DiffPrivML - Terence Tam

Machine learning algorithms collectively strive to extract population information and learn general patterns from data sets. The output of machine learning algorithms are generally trained models, where raw data points are distiled to far more compact forms that capture the essence of the origninal data. It is a type of summary aggregation in short that is no different than COUNT and SUM.

The release of these trained machine learning models, however, comes with a cost–individual data privacy. Oftentimes, machine learning models inadvertently give away information on individual data points used in the training data, even though these ML models are meant to release population information only.

To analyze and potentially solve this problem, one unified framework proposed by Cynthia Dwork’s paper is the $\epsilon$-differential private mechanism. This is a model that quantifies the degrees of privacy loss for a given data release system, and a privacy loss tolerance level as a parameter–$\epsilon$. A lot of theoretical research has been done on different ML models with regards to differential privacy, such as these research here, but not enough efforts are being done to apply these in practice.

Therefore, we developed a R package, diffPrivML, that aims to put these differential private enhanced ML algorithms in the hands of data practitioners. Just like how a unified framework is developed to measure differential privacy, diffPrivML is a precursor in standardizing a library of ML algorithms and workflows that have differential privacy baked in. End users do not need to worry about HOW to perturb the data to release their models; the ML algorithm itself makes the guarantee.

Please view the package here on github.

References

Geetha Jagannathan, Krishnan Pillaipakkamnatt, and Rebecca N. Wright. “A practical differentially private random decision tree classifier”. In International Conference on Data Mining Workshops, pages 114–121, 2009.
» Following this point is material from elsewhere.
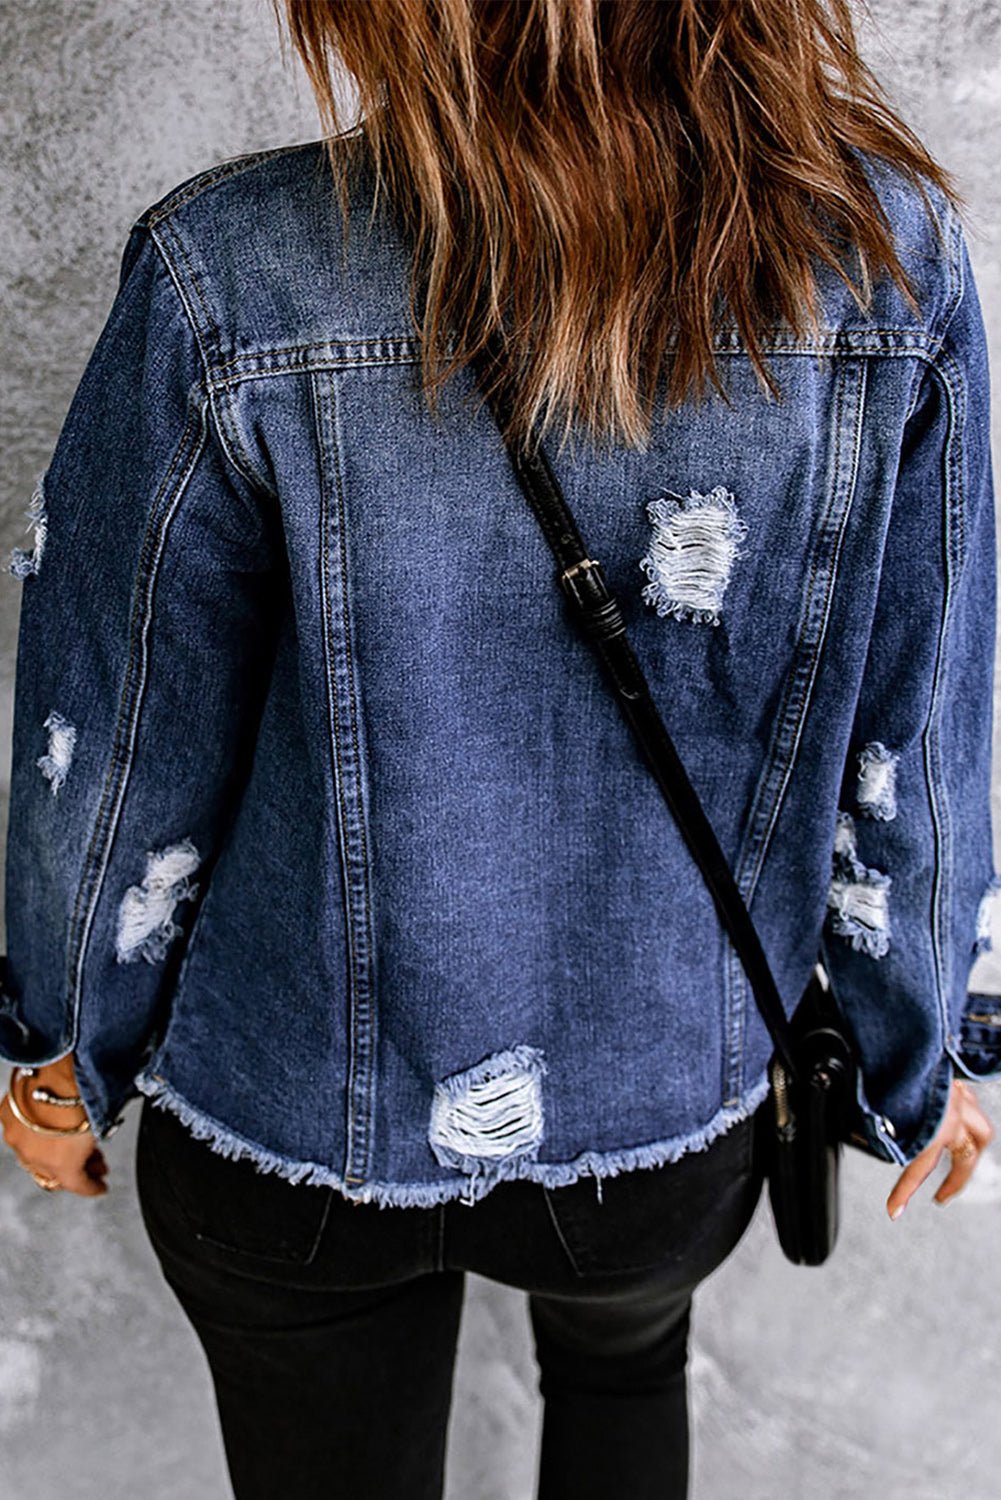 Mixed Print Distressed Button Front Denim Jacket - Guy Christopher

Kamalika Chaudhuri, Claire Monteleoni, Anand D. Sarwate. “Differentially Private Empirical Risk Minimization”. In Journal of Machine Learning Research 12 (2001) 1069-1109.

Jaideep Vaidya, Basit Shafiq, Anirban Basu, and Yuan Hong. “Differentially private naive Bayes classification.” In Web Intelligence, pages 571–576, 2013.

Zhanglong Ji, Zachary C Lipton, and Charles Elkan. “Differential privacy and machine learning: A survey and review”. In: arXiv preprint arXiv:1412.7584 (2014).